## WHAT IS EXPECTED
Repeat nothing but the lines below running from the one containing "9804 Fırfır Detaylı Penye Elbise-Siyah" to the one containing "Biscolata Starz Sütlü Çikolatalı 82g". Keep both end lines.

## EXTRACTED MATERIAL

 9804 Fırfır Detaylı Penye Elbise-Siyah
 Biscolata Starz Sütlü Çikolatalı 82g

---

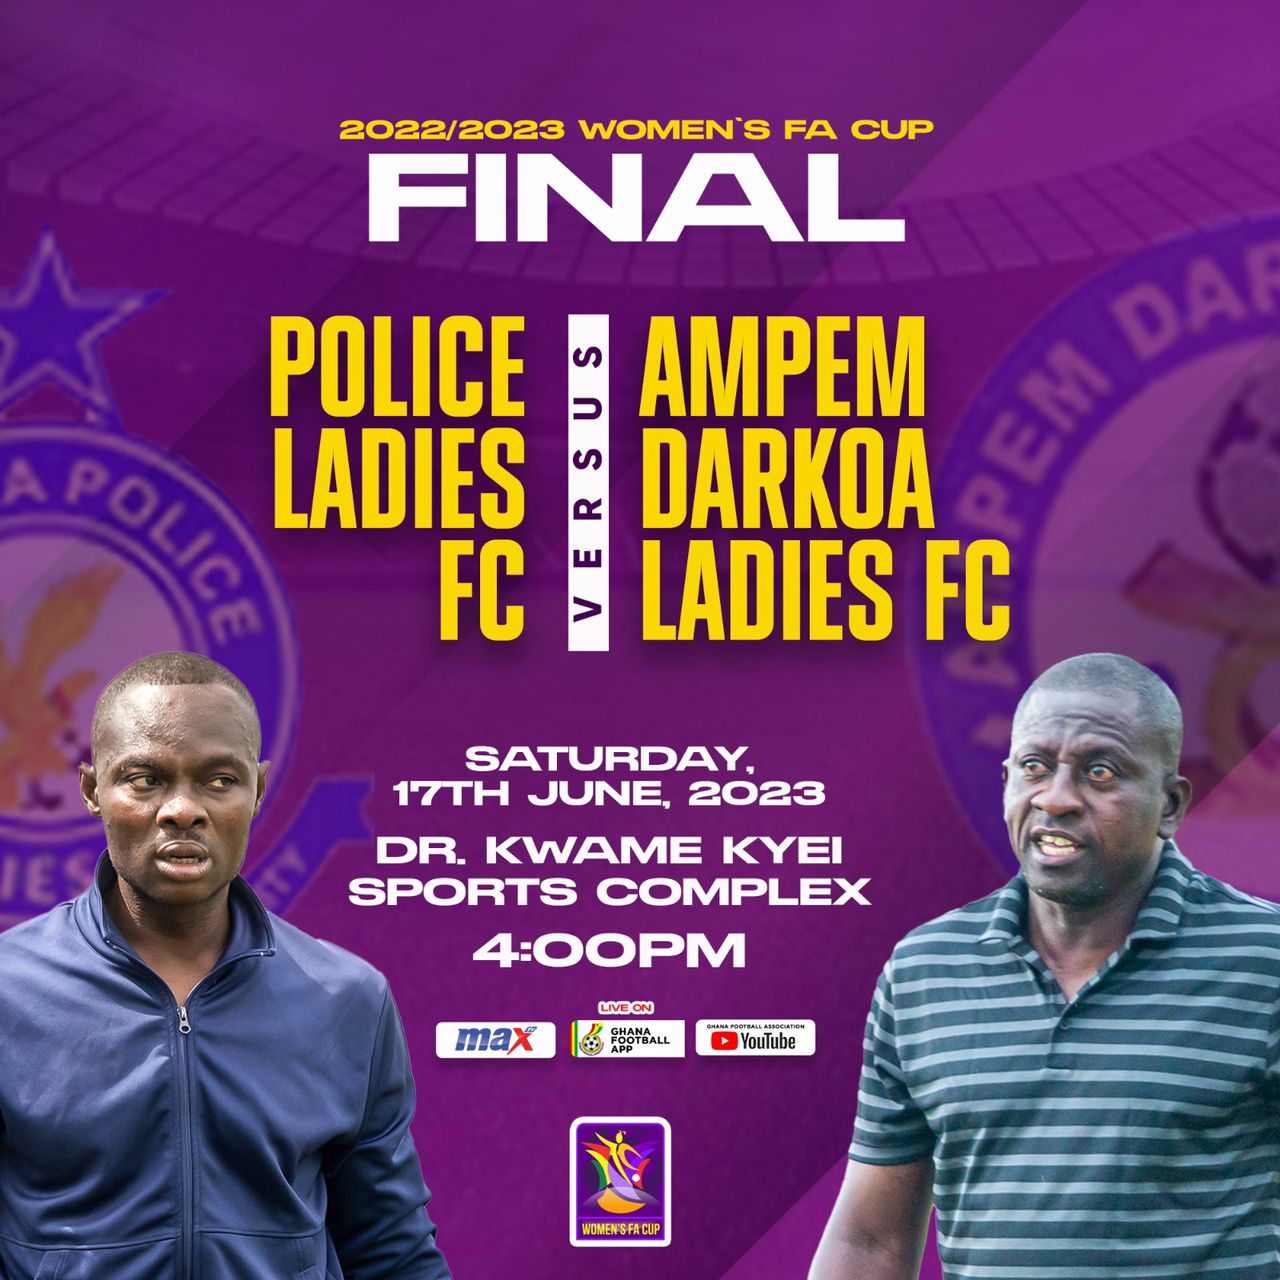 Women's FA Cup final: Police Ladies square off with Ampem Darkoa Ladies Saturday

## EXERCISE OUTPUT
 9804 Fırfır Detaylı Penye Elbise-Siyah
 Biscolata Starz Sütlü Çikolatalı 82g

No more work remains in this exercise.